A study looking at the long term cognitive deficits faced by children in an urban Brazilian shantytown with high incidence of diarrhea in the first two years of life showed that this cohort scored significantly lower on 3/5 types of test measuring cognitive function at ages 6-10 compared to children who did not suffer recurrent bouts of early childhood diarrhea. In particular, the children who suffered from persistent early childhood diarrhea scored lower on tests assessing nonverbal intelligence (TONI) and IQ through assessing ability to match symbols to numbers (WISC-III Coding task) and short-term memory (WISC-III digit scan).
Two years after rotavirus vaccine introduction in Rwanda, the country saw nearly 400 fewer hospital admissions for diarrhea among young children at 24 district hospitals.
In Rwanda, the number of hospital admissions for diarrhea and rotavirus fell substantially after rotavirus vaccine (RVV) introduction, including among older children age-ineligible for vaccination. This suggests indirect protection through reduced transmission of rotavirus. Two years after RVV introduction, the country had nearly 400 fewer hospital admissions for diarrhea among young children.
In a study of children in a Brazilian shantytown, researchers found that the greater the number of episodes of persistent diarrhea before age two, the more delayed a child was in terms of school readiness. Overall, each episode of diarrhea delayed a child’s starting school by 0.7 months. Likewise, 6-10 years later, increasing episodes of diarrhea before age two predicted delays in age-appropriate educational attainment.
A prospective case-control study conducted in several developing countries found that children with moderate-to-severe diarrhea grew significantly less in length in the two months following their episode compared to age- and gender-matched controls.

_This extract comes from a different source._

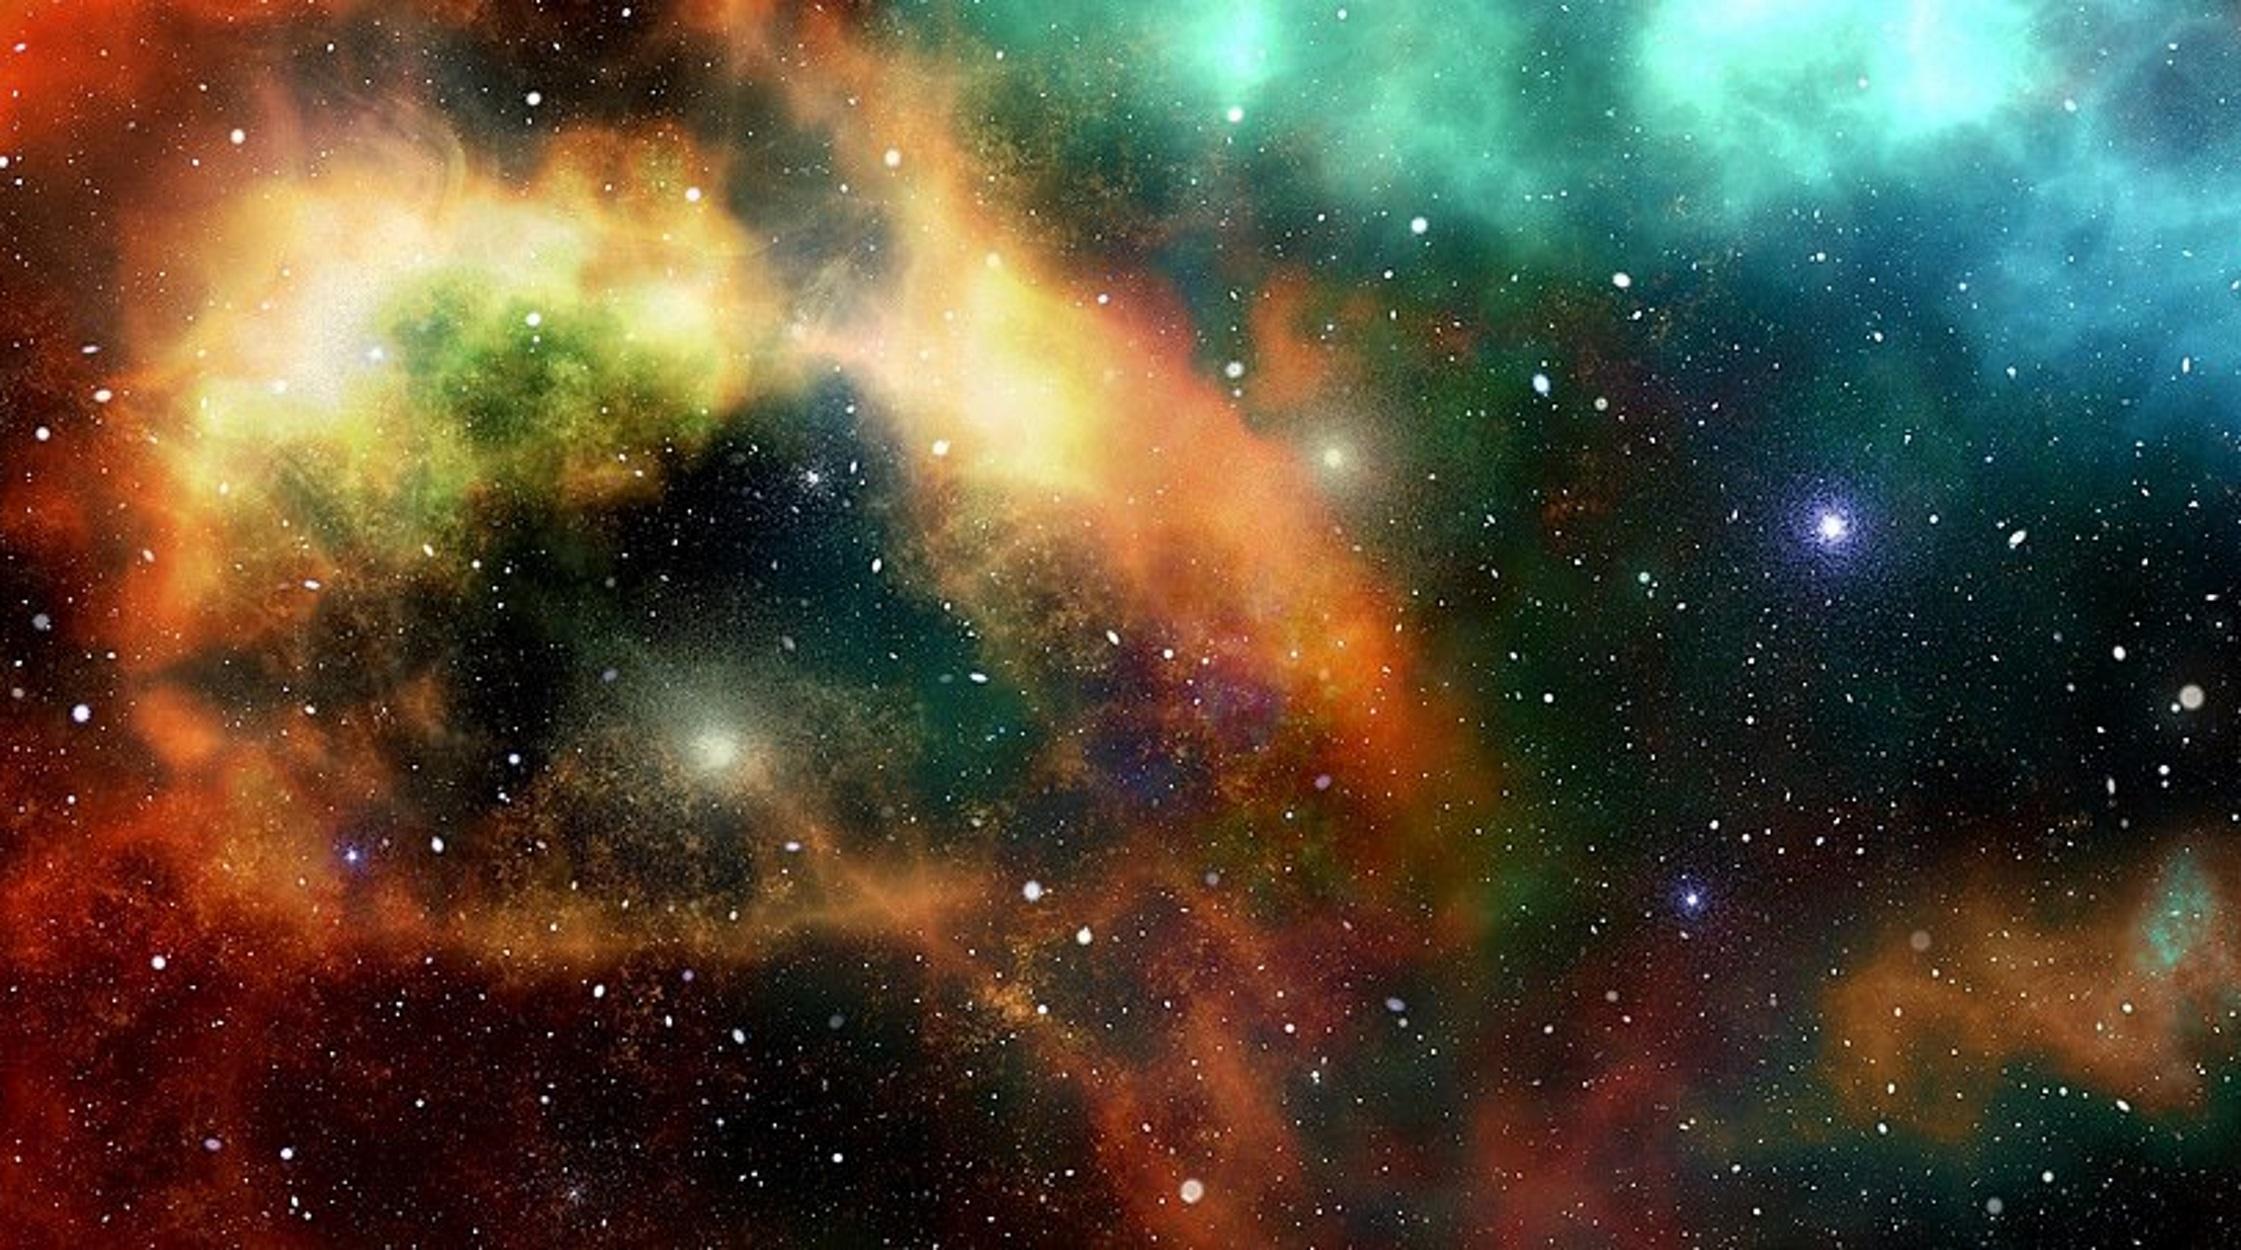 Επίπεδο ή σφαιρικό το σύμπαν; Το ερώτημα που μπερδεύει τους επιστήμονες

A study of the economic burden of cholera in Africa found that 110,837 cases of cholera reported in 2007 resulted in an economic loss of $43.3 million, $60 million and $72.7 million US dollars, assuming life expediencies of 40, 53 and 73 years respectively.
This paper presents the first cost-benefit comparison of improved water supply investments and cholera vaccination programs. The modeling results showed that improved water supply interventions combined with targeted cholera vaccination programs are much more likely to yield attractive cost-benefit ratio outcomes than a community-based vaccination program alone.
In Malawi, in 17% of cases where children were admitted to the hospital, and in 9% of cases where children were treated as outpatients for diarrhea, household costs associated with treating that episode, exceeded monthly income in a significant number of cases. The costs were significant enough to push families from each income level below the national poverty line for the month in which the illness occurred.